Мы всего лишь обменялись с ними запретами и лицемерием. Мы отгораживаемся от боли и смерти, они – от наготы и человеческого секса, вернее, от разговоров о нем. Они порицали супружеские измены, верили в ответственность, налагаемую унитарной семьей, и считали добрачную непорочность девиц если не залогом этой ответственности, то хотя бы должным началом. Но на беспутство юношей и молодых холостяков смотрели сквозь пальцы, потому что “им надо”, ветреных мужей и неверных жен, в общем, понимали, и девиц, “попавших в беду”, жалели в такой же мере, в какой осуждали. Они могли отличить хорошую женщину от нехорошей, на что я сейчас уже не способен. И они могли быть многодетны в эпоху, когда многодетность была неразрывно сопряжена с горем, когда женщина рожала шестерых или восьмерых, чтобы вырастить троих-четверых.
Так что же случалось, когда низменные желания и недостойные страсти тревожили плоть мужчин и женщин, отрицающих беспорядочные связи, адюльтер и развод, которые так прибавляют нам здоровья? Могла случиться платоническая дружба, и мог случиться надлом. Первое всегда таило в себе опасность второго.

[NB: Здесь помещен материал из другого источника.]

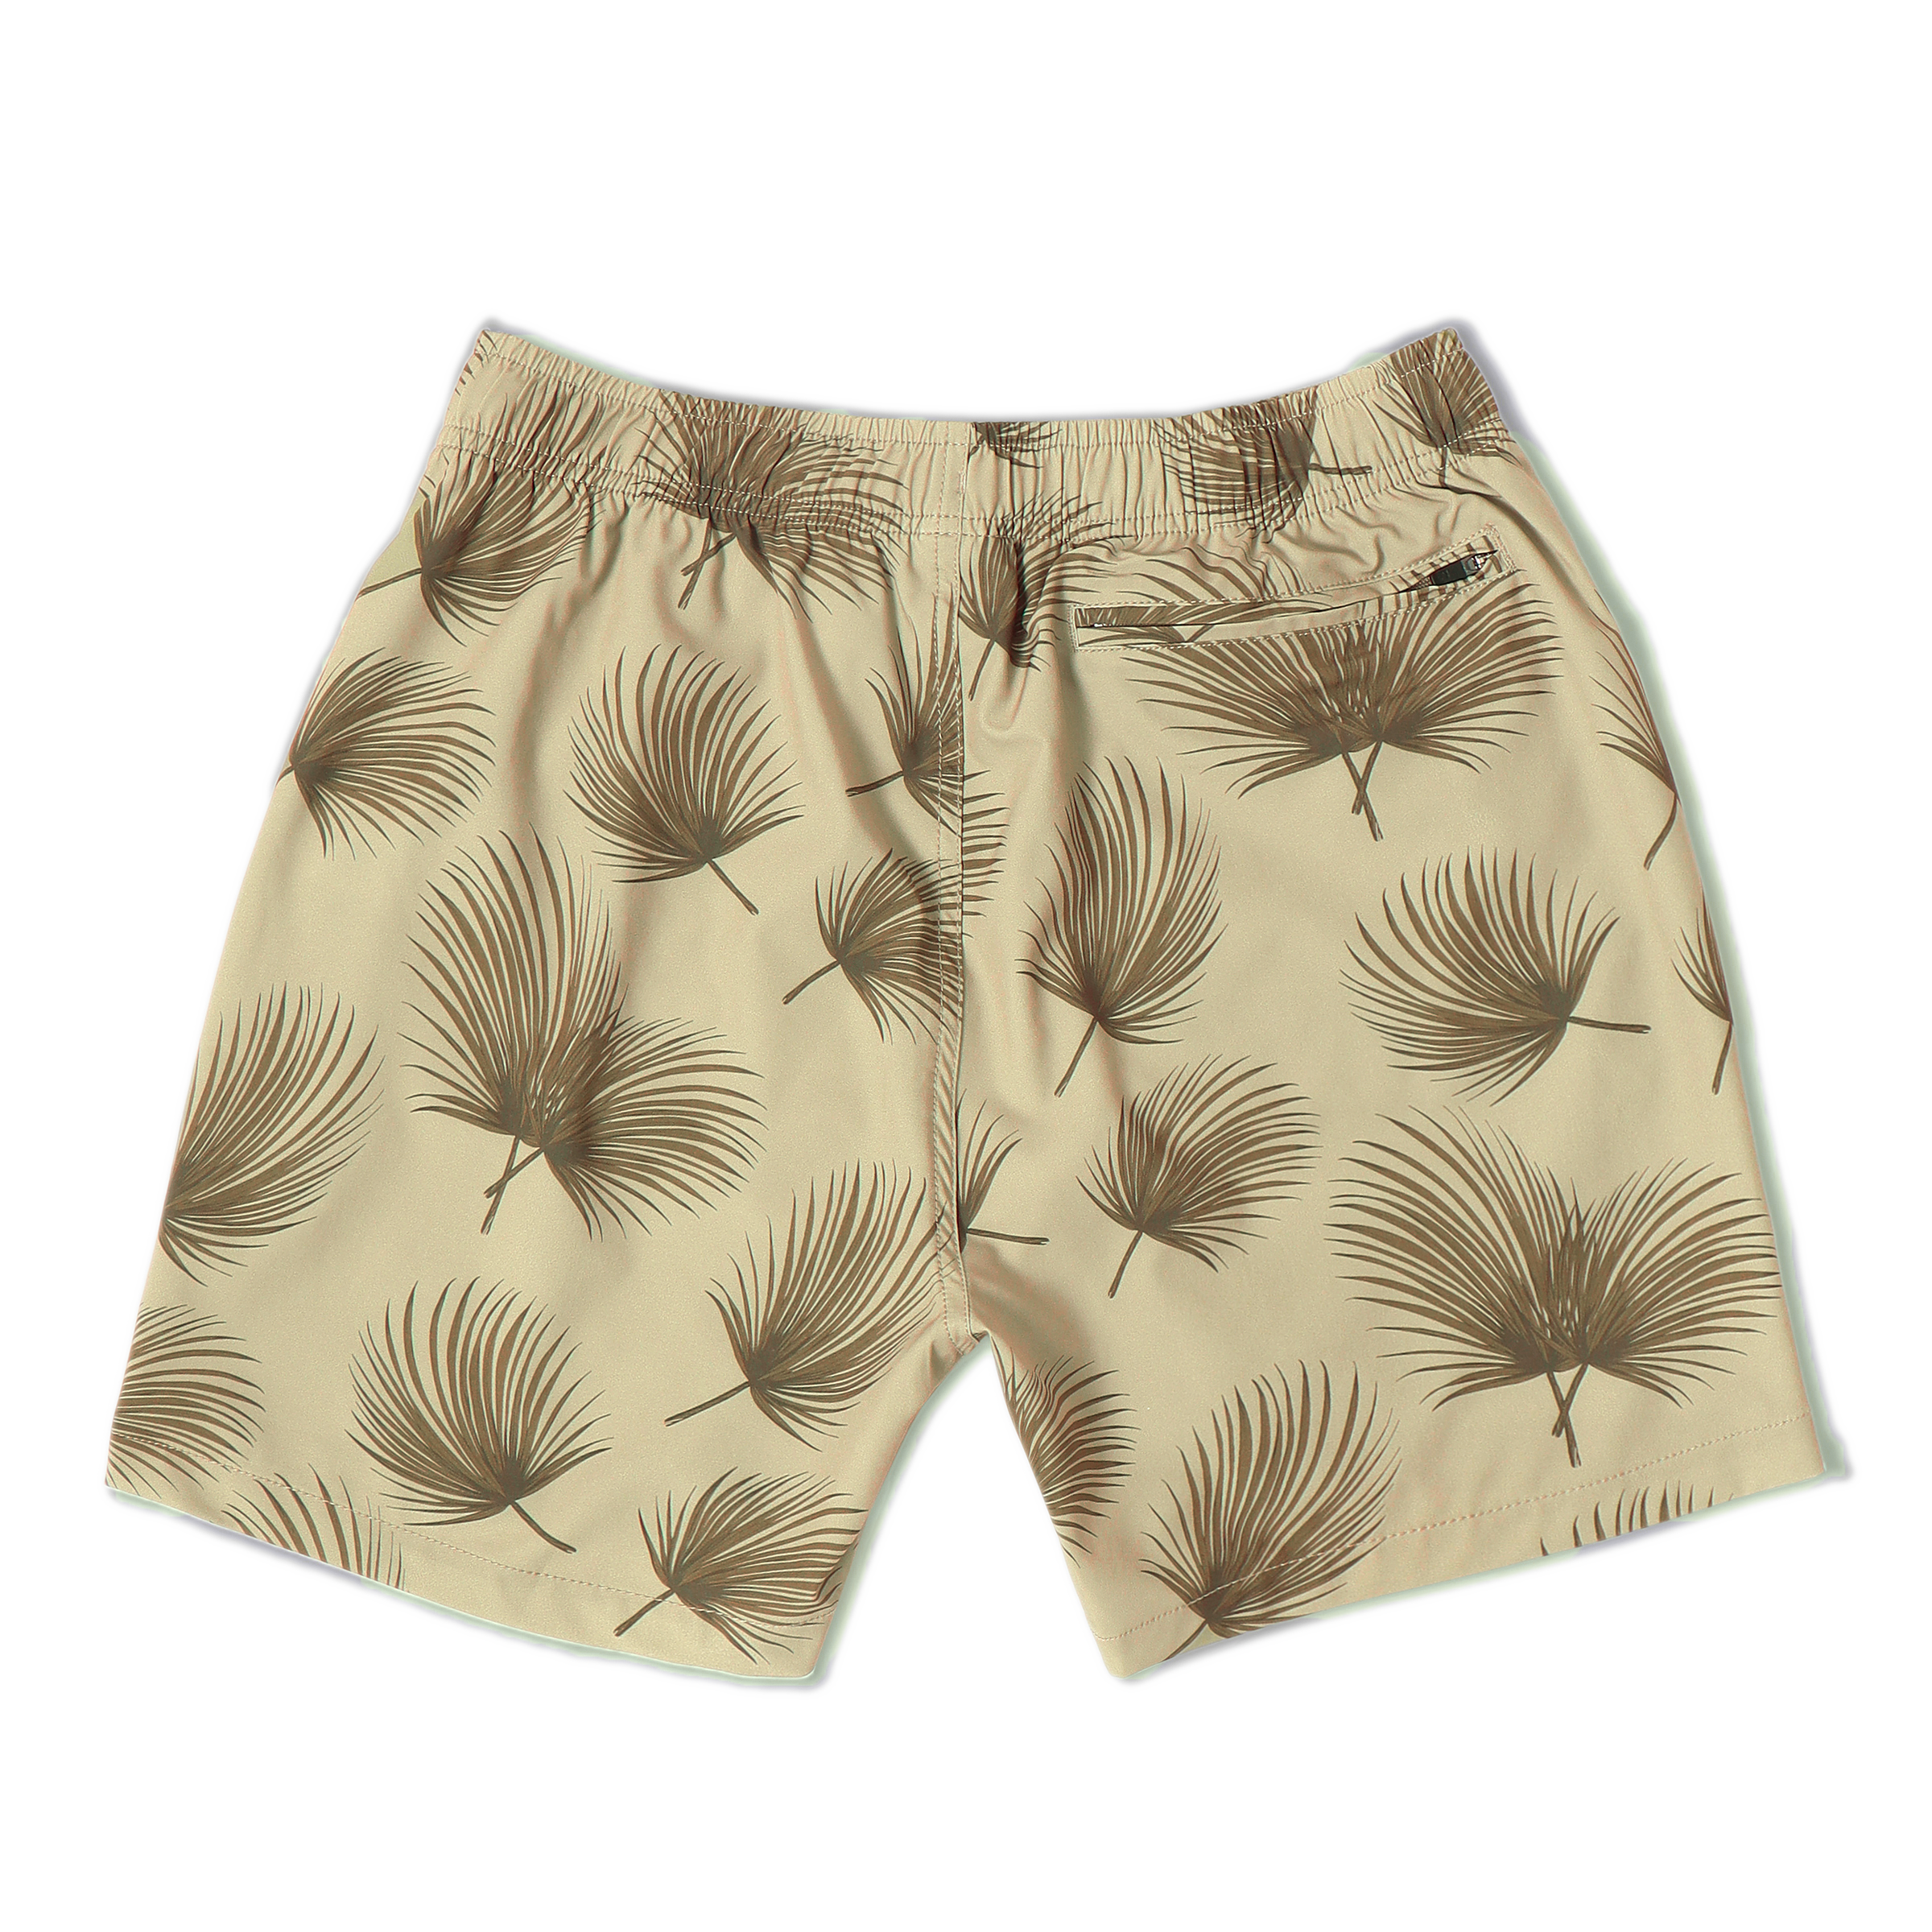 Stretch Swim 5.5" Coastal Shade back with an elastic waistband and back right zippered pocket

Фрэнк Сарджент был влюблен по уши. Иначе он не крутился бы рядом все эти восемь или девять лет. Воспользоваться дружбой с ней или злоупотребить доверием Оливера он счел бы скотством, но за эти девять лет он, вероятно, понял, что не может полагаться на свое самообладание. Именно то, чем он больше всего гордился – безнадежная верность, – было для него источником наибольшего риска. Что же до Сюзан – она понимала этот риск, но испытала разочарование в муже и крушение надежд, была задета в своих домашних чувствах, удручена неизвестностью и сознанием того, сколько уже потеряла и сколько еще может потерять. Фрэнк всегда был для нее хорошим компаньоном. Он любил книги, любил беседу, и вообще в нем было больше готовности, романтики и энтузиазма, чем в том, за кого она вышла замуж.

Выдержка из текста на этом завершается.